A hidden threat to Trump’s economic agenda

Carlos Soto, owner of a floral service called Flowers From Our Heart, had an unexpected problem on the busiest day of the year: He had to turn down business on Valentine’s Day because he couldn’t find enough workers to field all the orders he could have taken.

“A year or two ago, I’d put an ad on Craigslist and get 100 or 150 resumes for a few positions,” says Soto, whose Los Angeles-based service delivers flowers through a network of 30,000 local shops. “This year, I placed several ads and got very few people. I could have used another six people. I would have been able to take more orders.”

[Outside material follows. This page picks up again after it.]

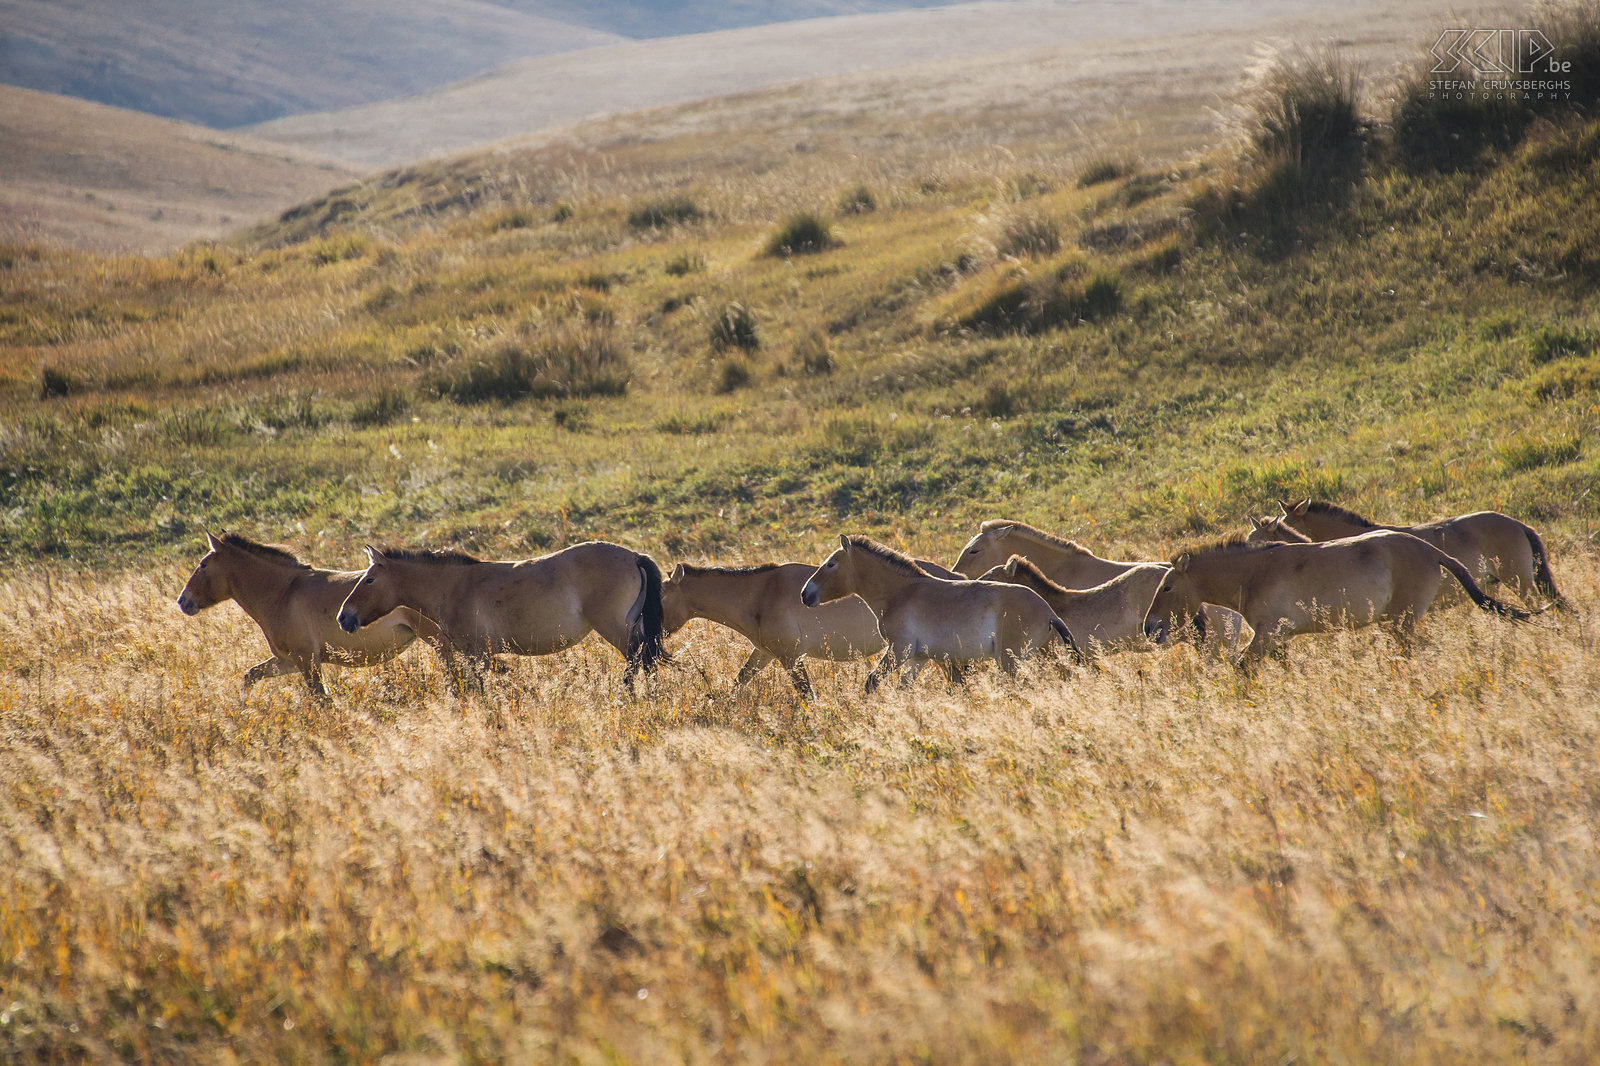 Hustai - Przewalski paarden Een groep van wilde Przewalski paarden in Hustai/Khustain Nuruu nationale park. Het traditionele Mongolische paardenras de Przewalski, takhi in het Mongools,  werd er 20 jaar geleden terug geherintroduceerd. Nu leven er weer meer dan 250 van deze wilde paarden in dit nationale park. Stefan Cruysberghs

With the U.S. economy in its ninth year of expansion, employers are fretting about a problem that seemed unimaginable just a few years ago, in the aftermath of mass layoffs and the Great Recession: a shortage of workers, from unskilled laborers needed to hammer nails to programmers and developers able to build complex software. The unemployment rate is a low 4.1% and probably headed below 4% at some point this year. The Labor Department says there are nearly 6 million unfilled jobs in the U.S. economy, close to a record high.

Illustration by David Foster for Yahoo Finance
Illustration by David Foster for Yahoo Finance

For the first time ever, small-business owners said in a monthly survey dating to 1974 that the poor quality of labor is their biggest problem, rather than perennial gripes such as taxes, weak sales, costly health insurance or excessive regulation. In a recent survey of business owners by J.P. Morgan Chase, 54% said finding qualified workers would be a “top challenge” in 2018—10 points higher than the portion who felt that way last year.

Yahoo Finance surveyed more than 1,100 people who own or manage a business, and interviewed a variety of them in depth, to determine why there’s a shortage of workers, and what might be done about it. (Here are highlights from the survey.) Among our findings:

  • More than half of employers say they can’t find enough qualified workers

  • To lure workers, employers are raising pay and sweetening benefits–and they still can’t find people, in many cases

  • Businesses struggle to find workers able to show up on time, finish a shift and pass a drug test

  • Many businesses, like Carlos Soto’s floral service, are giving up work—and revenue—because they’re chronically understaffed

  • In some industries, employers fault lousy immigration policies—and feel President Trump is making the problem worse

  • Workers, for their part, blame companies for offshoring jobs, skimping on training and setting standards unrealistically high

This is how business owners and managers responded to the question. Source: Yahoo Finance survey conducted online via SurveyMonkey, Jan. 29-30
This is how business owners and managers responded to the question. Source: Yahoo Finance survey conducted online via SurveyMonkey, Jan. 29-30

A diminishing pool of workers

Economists emphasize that key data doesn’t yet show workers are scarce throughout the economy. Job growth remains strong, for instance, with employers creating more than 180,000 new jobs per month, on average, since the start of 2017. If workers were scarce everywhere, that monthly average would be lower, perhaps below 100,000. And pay hasn’t risen broadly throughout the economy, which is what normally happens when companies run short on staffing.